Another example of pathogenic protein aggregates being secreted through lysosomal exocytosis is truncated mutant forms of tau, a process that is regulated in a mucolipin TRP cation channel 1 (TRPML1)-dependent manner by transcription factor EB (TFEB), a master gene in the lysosomal gene network52. This finding suggests that lysosomal exocytosis is responsible for the secretion—and perhaps propagation—of tau proteins. Consistent with this observation, our present results demonstrated upregulation of TFEB expression in senescent neurons in association with an increase in α-synuclein secretion (Supplementary Table 1). Furthermore, both basal and TNF-α-induced secretion of α-synuclein were inhibited by genetic or pharmacological blockade of lysosomal exocytosis. Based on previous findings and our current findings, we propose that lysosomal exocytosis is a pivotal mechanism for the secretion of pathological proteins and thus for cell-to-cell propagation of these proteins.

Several studies have suggested that activation of the inflammatory network contributes to the initiation, amplification, and maintenance of cellular senescence53. IL-6, which is considered a central regulator and rate-limiting component of the inflammatory network, is known to mediate oncogene-induced senescence54. Signaling via the chemokine receptor CXCR2 enhances cellular senescence by activating senescence effectors such as p14 and p15 and the p53/p21 circuit53. IL-1β induces cellular senescence by upregulating p16INK4a expression in chondrocytes and astrocytes55,56. Long-term exposure or overexpression of TNF-α leads to cellular senescence in various cell types, including fibroblasts, melanoma cells, and hematopoietic cells57,58,59. Our finding that neurons exposed to TNF-α display several features of the senescent phenotype is also consistent with previous studies that collectively indicate a role for inflammatory factors in inducing cellular senescence. Senescent cells also generate proinflammatory signals, such as IL-6, IL-8, and CCL family members60. Thus, inflammation and cellular senescence can promote each other, creating a microenvironment that enhances disease pathogenesis.

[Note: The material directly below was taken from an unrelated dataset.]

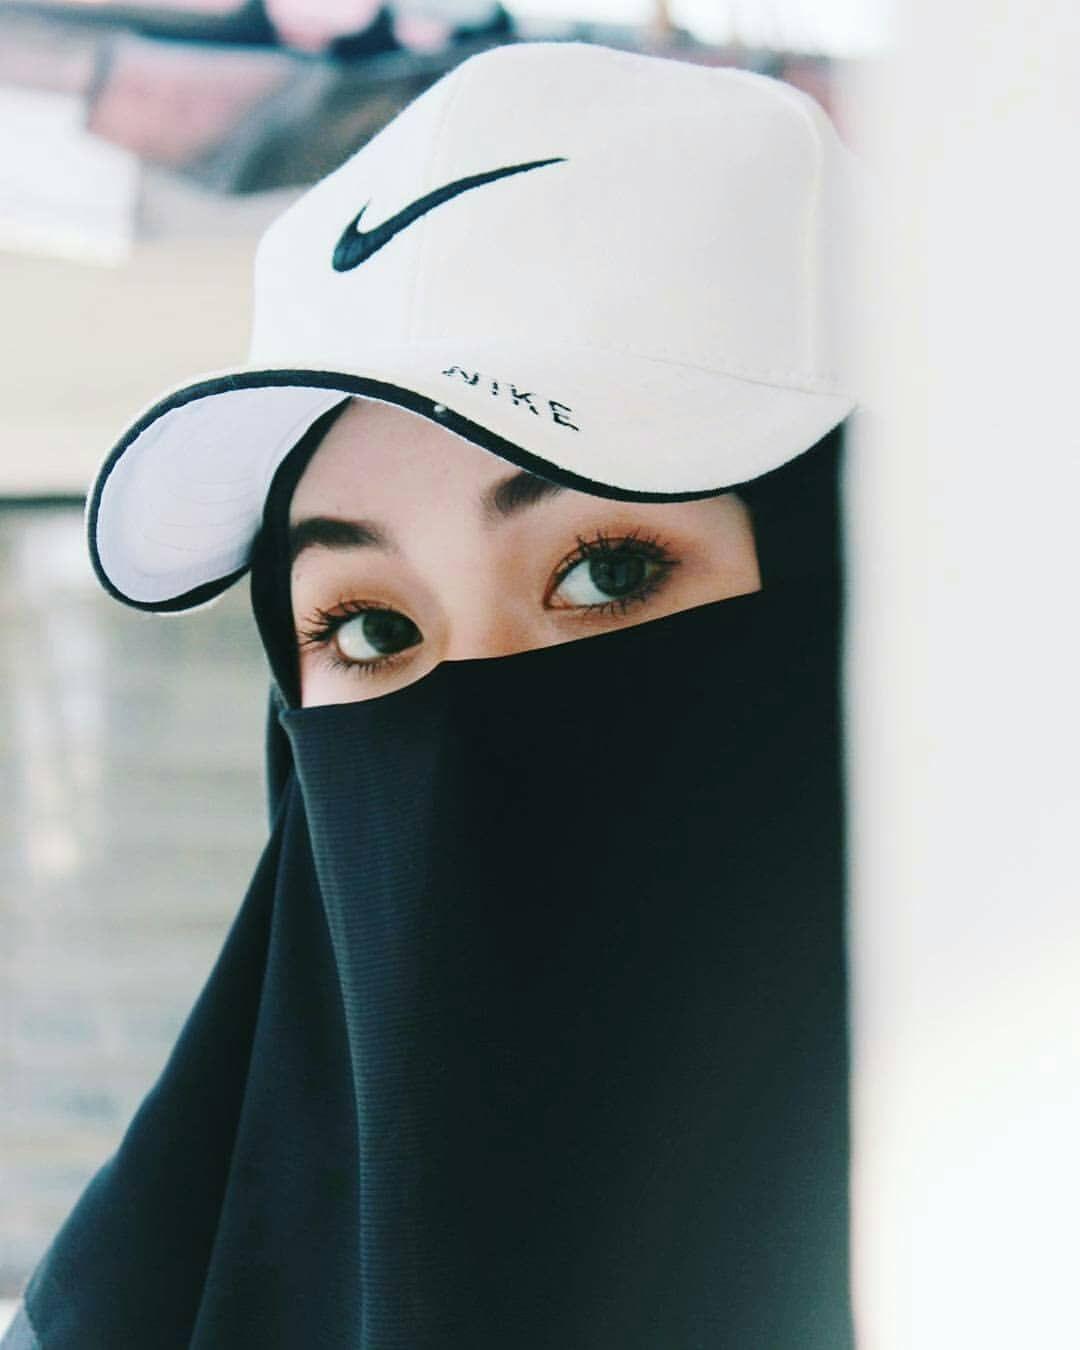 Hijabi girl girl hijab hijab niqab ootd hijab casual hijab outfit

On the basis of our findings, we propose a model for how glial inflammation, neuronal senescence, and α-synuclein aggregation interact with one another to generate a microenvironment that prolongs PD pathogenesis. In the nervous system, inflammatory activation of microglia increases the production of TNF-α, which then induces neuronal senescence. Senescent neurons produce α-synuclein aggregates and activate SASP through lysosomal exocytosis, which mediates secretion of α-synuclein aggregates and enables their propagation to connected neurons. Secreted α-synuclein can in turn activate microglia and astrocytes, which sustain inflammatory responses. Therefore, inflammation and α-synuclein aggregation promote each other in a feed-forward cycle, and neuronal senescence is a pivotal mediator connecting glial inflammation and neuronal α-synuclein aggregation (Fig. 7).

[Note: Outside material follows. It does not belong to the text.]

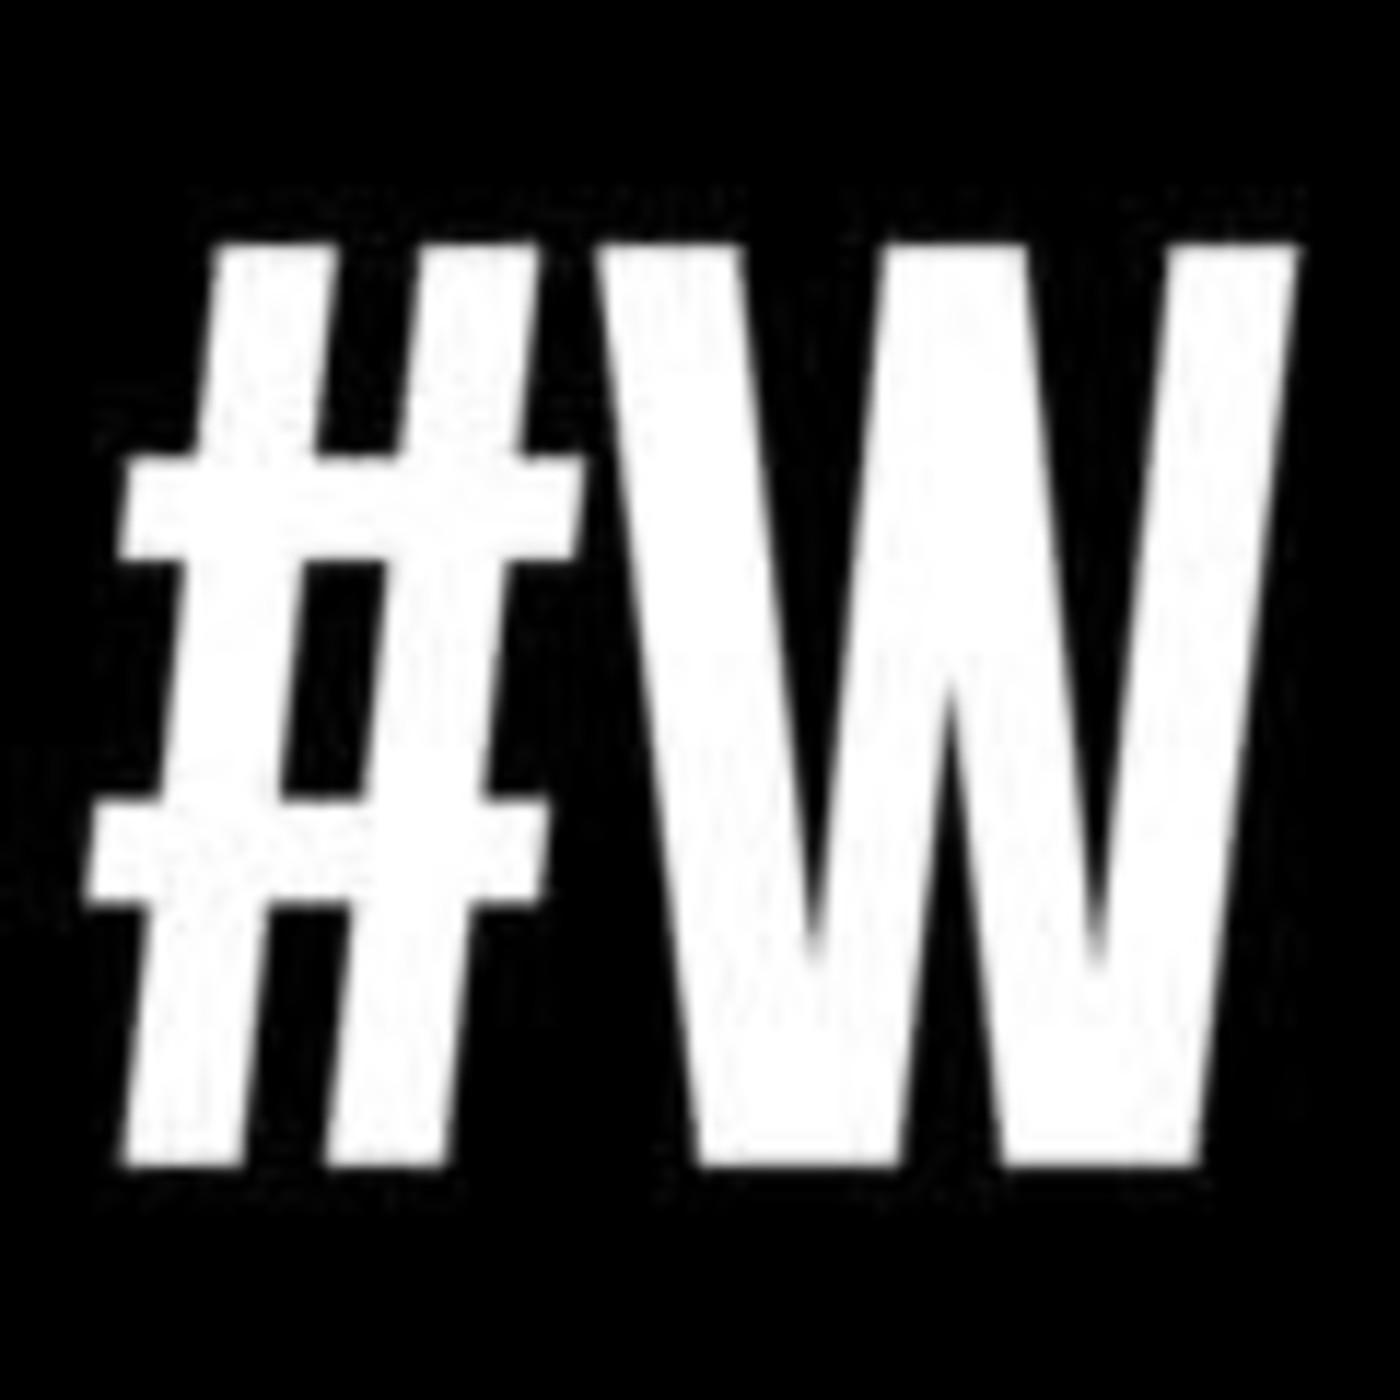 #WHOATV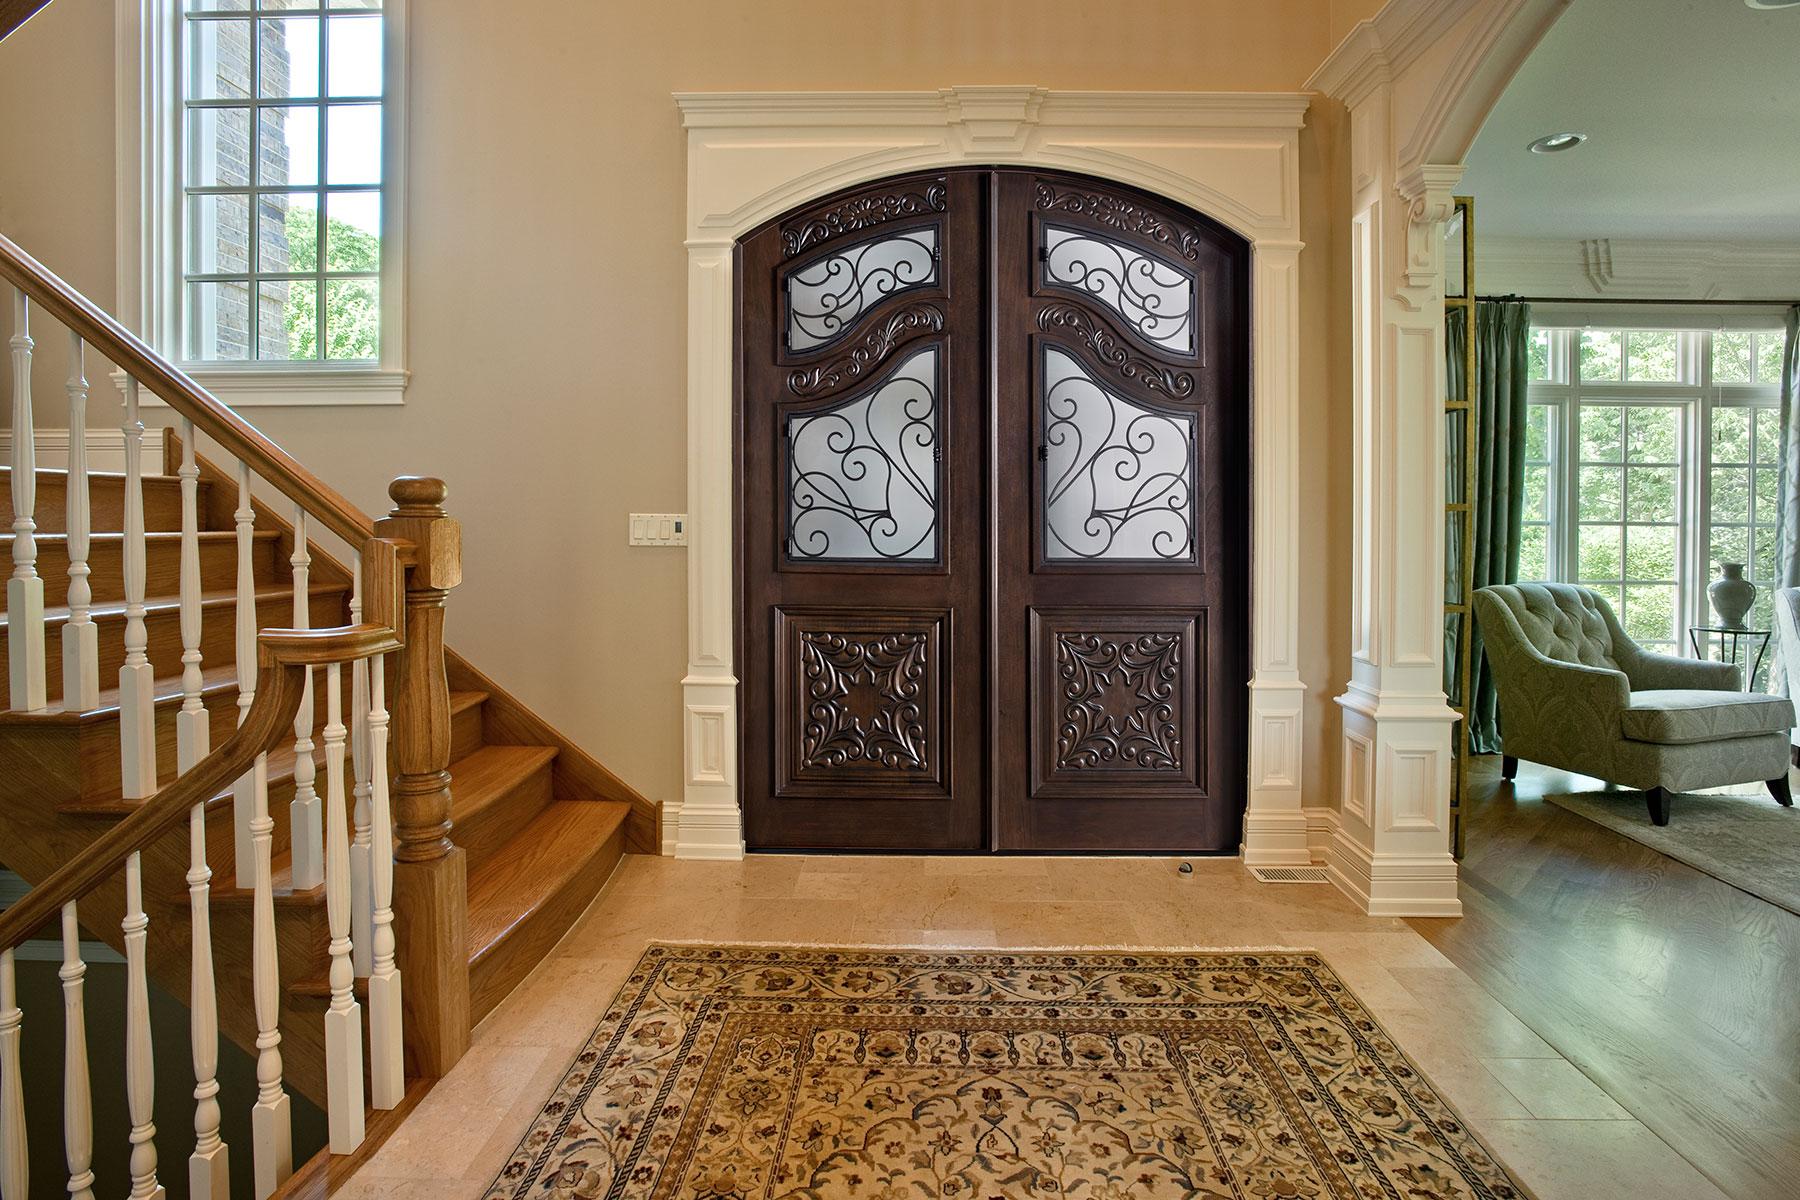 Custom Wood Front Entry Doors | Heritage Collection Custom Wood Front Entry Door DB-H009B DD S CST - Glenview Doors - Custom Doors in Chicago

Fig. 7: The SASP of neurons induced by TNF-α regulates α-synuclein propagation through lysosomal exocytosis.
figure 7

Activated microglia secrete soluble factors, including TNF-α, which induce neuronal senescence. The SASP of senescent neurons increases α-synuclein secretion through lysosomal exocytosis. The α-synuclein thus secreted is not only transferred to connected neurons as part of cell-to-cell aggregate propagation but also activates glial cells to sustain inflammatory responses.

In conclusion, TNF-α induces neuronal senescence and enhances the SASP of neurons and subsequent lysosome-dependent secretion of α-synuclein aggregates, resulting in increased cell-to-cell propagation of α-synuclein. These findings provide critical insights into the mechanism governing the interplay between neuroinflammation and protein aggregation in disease progression in PD.